I know the fleet learning combs through multiple instances from multiple vehicles and smooths out over time, but I wonder if Tesla has thought ahead to make that process "read-only" in areas that are under a State of Emergency. South Carolina is in a State of Emergency and soon, I-26 from Charleston to Columbia will be reversed to one-way traffic "Northbound" regardless of if you are in the Northbound or Southbound lanes. While I hope AutoPilot doesn't freak out about going "the wrong way", I would hope the mothership doesn't also "learn" that it is acceptable.

My personal thought is that AutoPilot tiles in an area under a State of Emergency (not just a hurricane evacuation) are "locked" from updating from the fleet during the State of Emergency is in effect. Whether Tesla has done so, I don't know.

What are you thoughts?
 
IMO the way the forums interpreted that Tesla will do fleet learning is wrong. Whether Tesla misled everyone, or people just escalated thinking what they heard and it became the norm.

Again, this is all IMO. There is no "automatic" fleet learning. The data is brought back to the Tesla engineers, who then decide how and what to train to make the algorithms better. They can hand pick a subset of data, or they can use it all. They should be able to automatically screen for anomalies and to manually pick them out of the dataset.

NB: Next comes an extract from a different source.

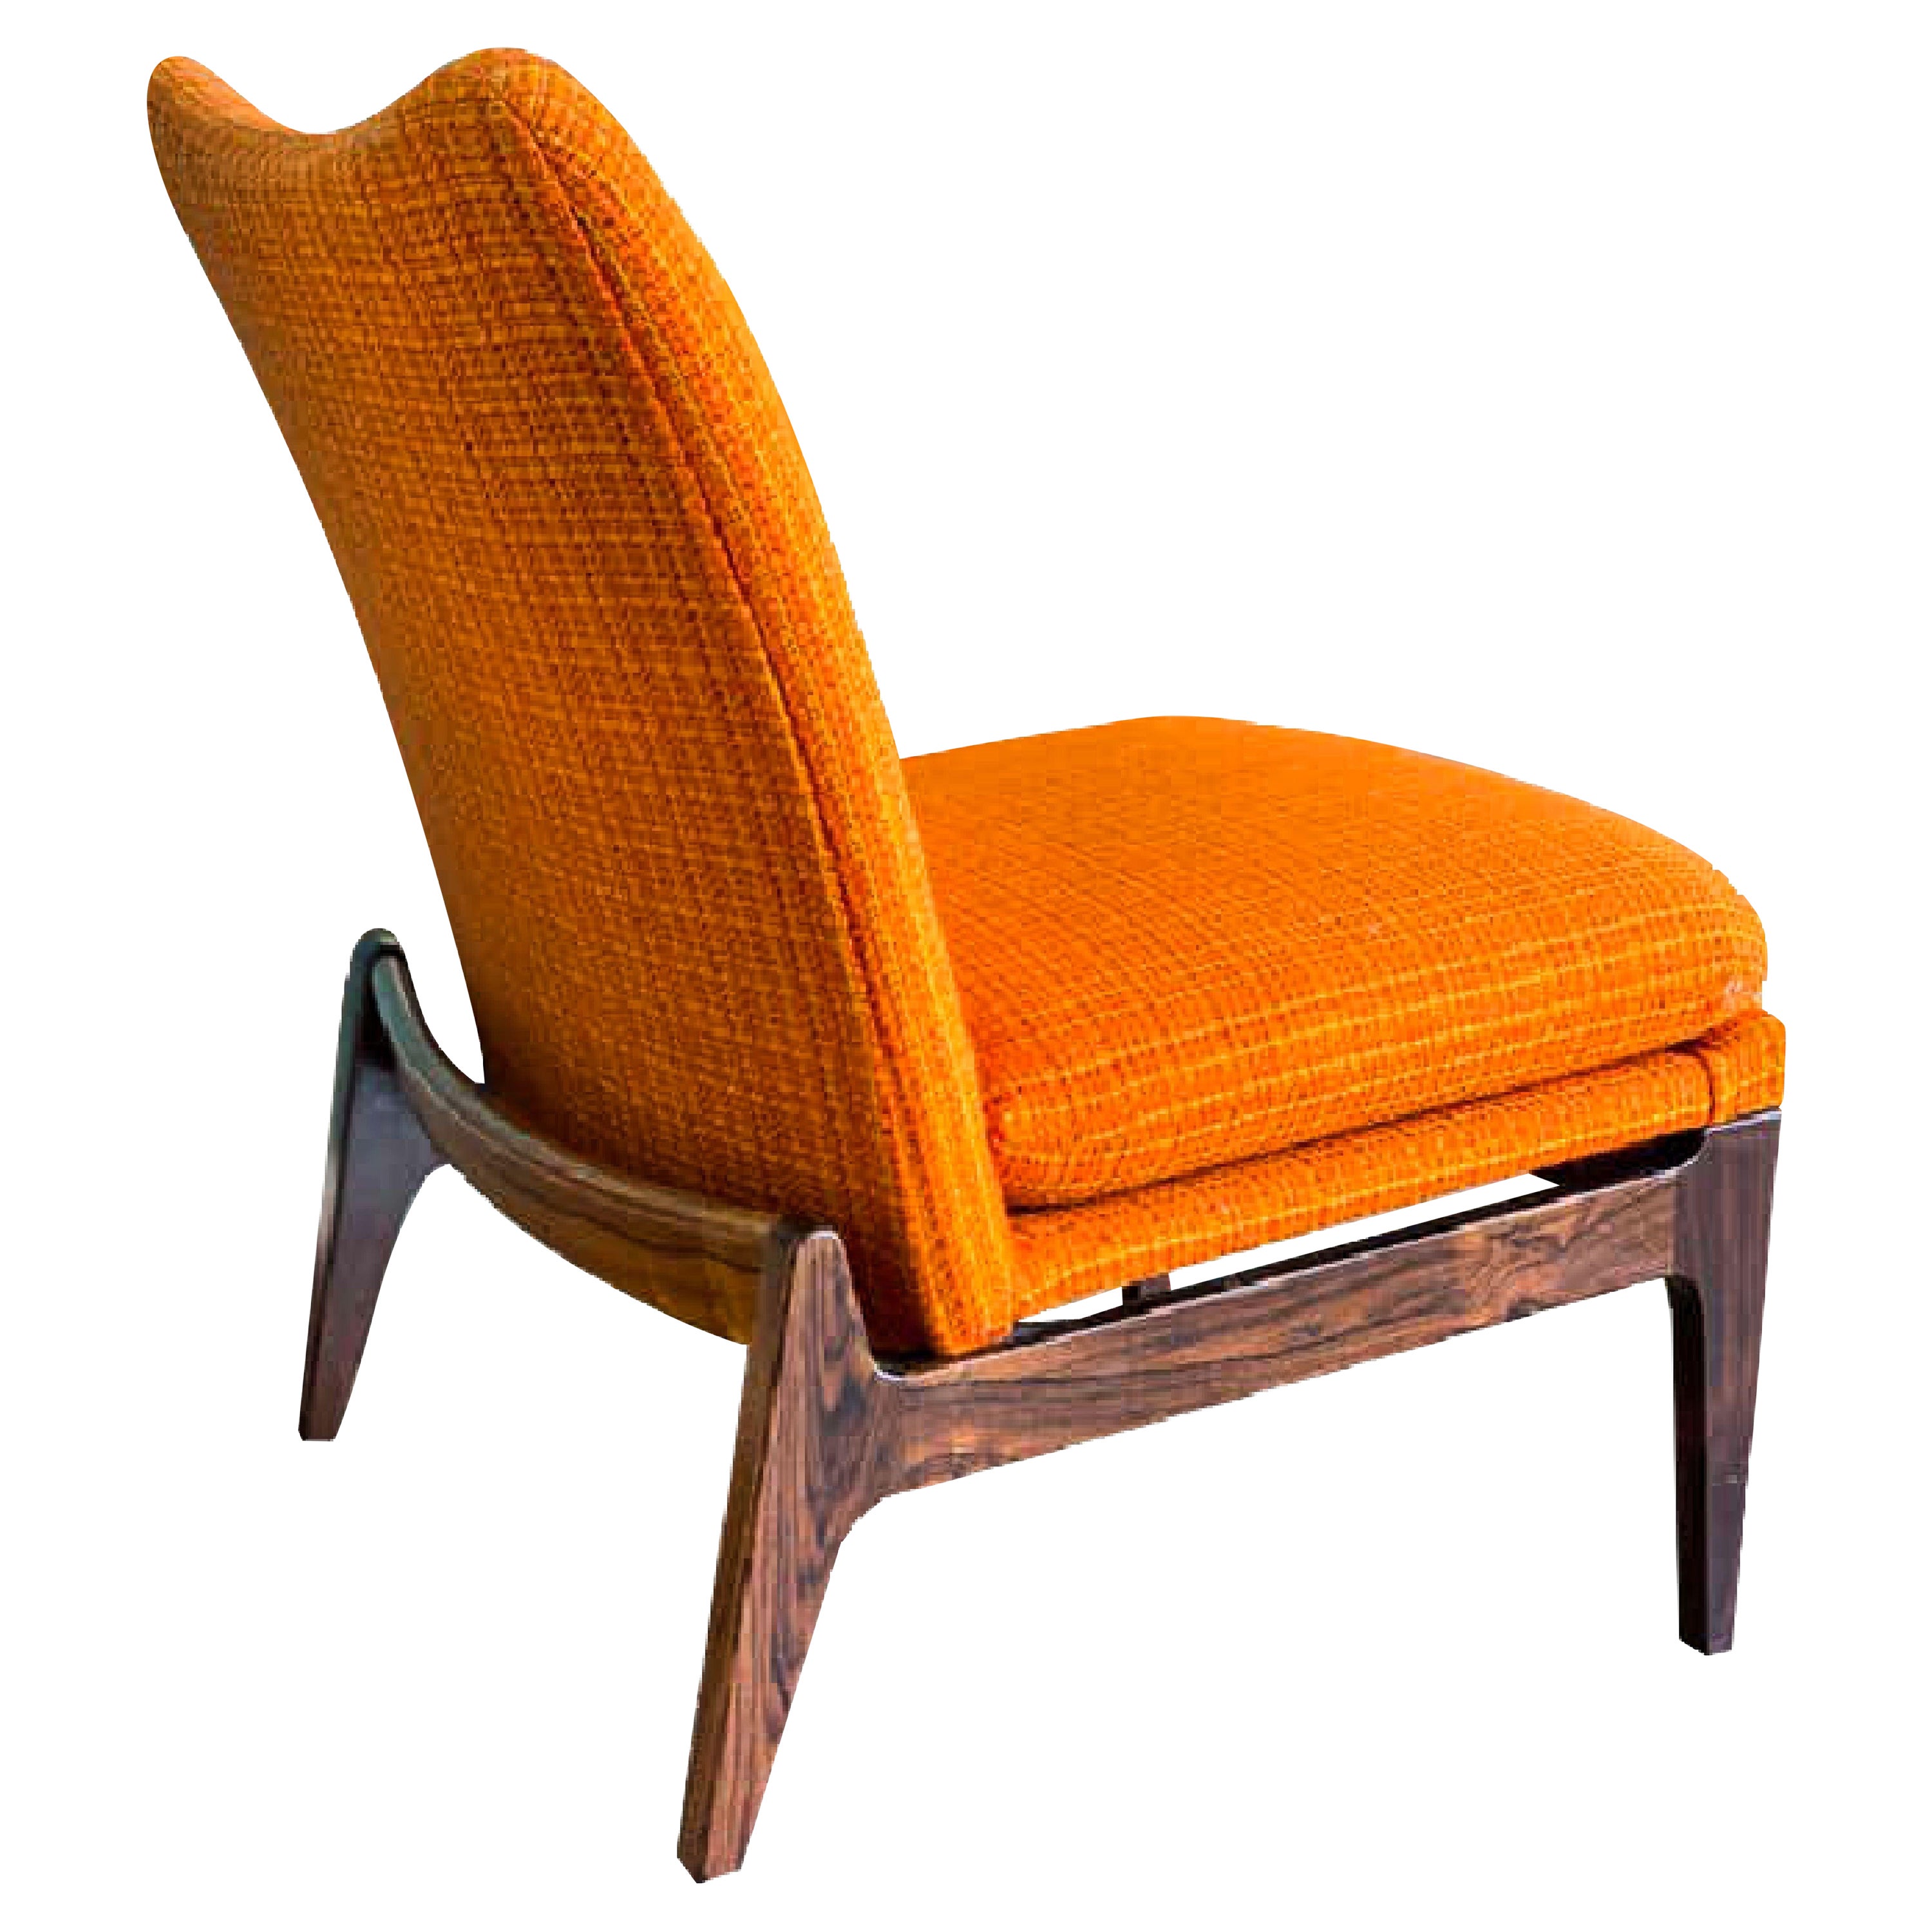 Chaise longue Finn Juhl FD 112, bois de rose, Cado, France & Søn, années 1960, Danemark.   Magnifique base en bois de rose. Étiquette du fabricant en dessous : 
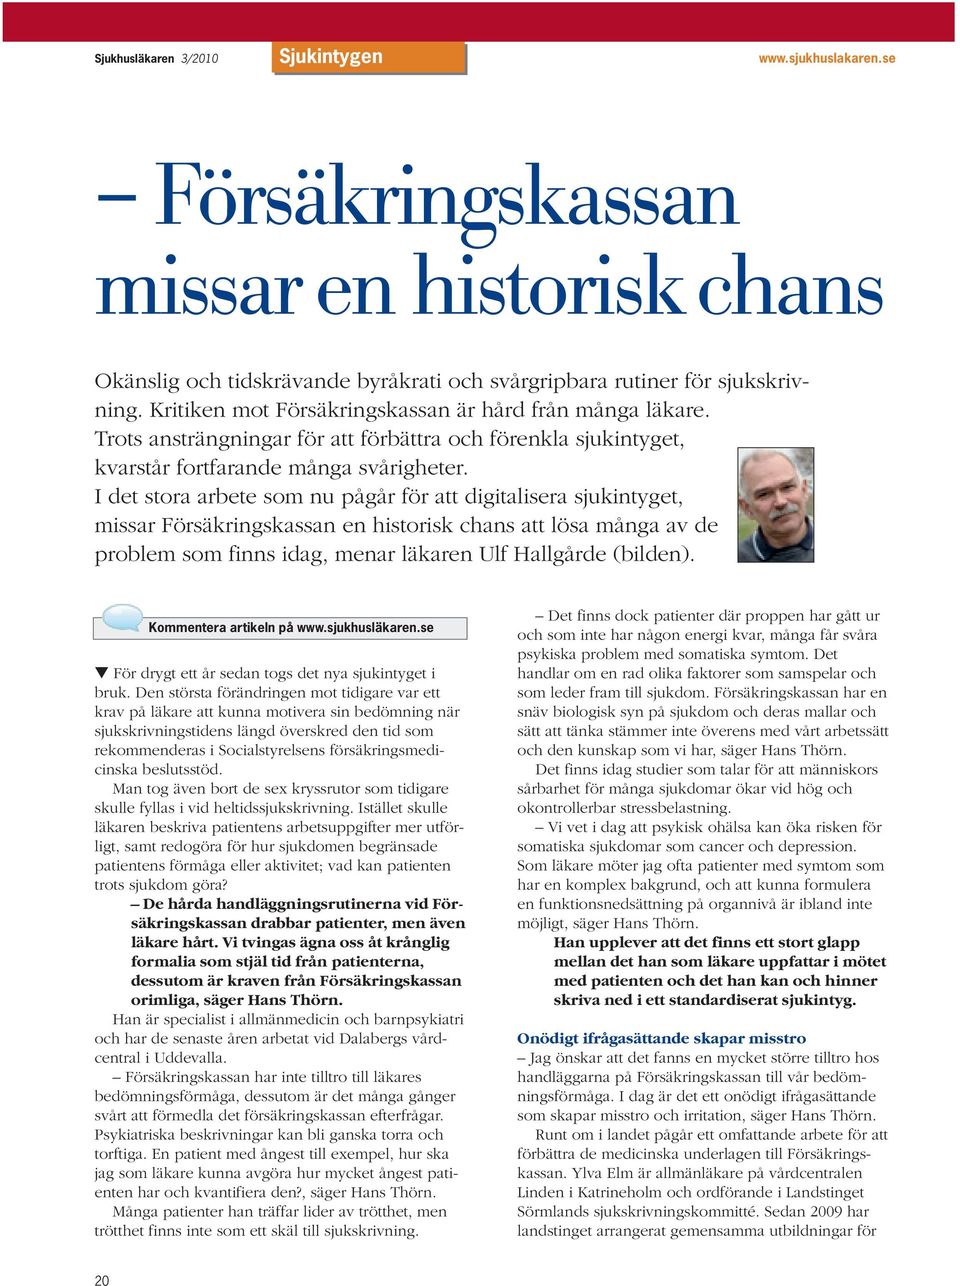 I det stora arbete som nu pågår för att digitalisera sjukintyget, missar Försäkringskassan en historisk chans att lösa många av de problem som finns idag, menar läkaren Ulf Hallgårde (bilden).

I did training/testing/simulation/machine learning/etc. for about a decade; management would often say stupid things like "hey, let's let the operator add a <thing> into the dataset, and the algorithms will retrain themselves" each time our team heard that, we cringed. You can't predict how the operator will be adding said <thing> into the dataset, you can't automatically predict that it wont break something. It takes days/weeks/months of testing on the aggregate dataset to make sure your newly trained model works better than your old model. But then you're only 15% of the way there. You then need to start breaking up the data into subsets and looking at the false alarm rates of each sub-category (i.e. did your newly trained AP now do better on asphalt, but worse on gravel? is it an acceptable loss? Is any loss acceptable?), etc. And that takes another days/weeks/months.

I think it's all hype, but like I said, I could be dead wrong, maybe they're a million times smarter than me. But IMO this whole "fleet learning" will be done at a desk, with an engineer (group of them, maybe) sitting and sifting through the data. And if they see an anomoly, they can start digging down to see what happened in South Carolina on October 5th, 2016.

P.S. Stay safe.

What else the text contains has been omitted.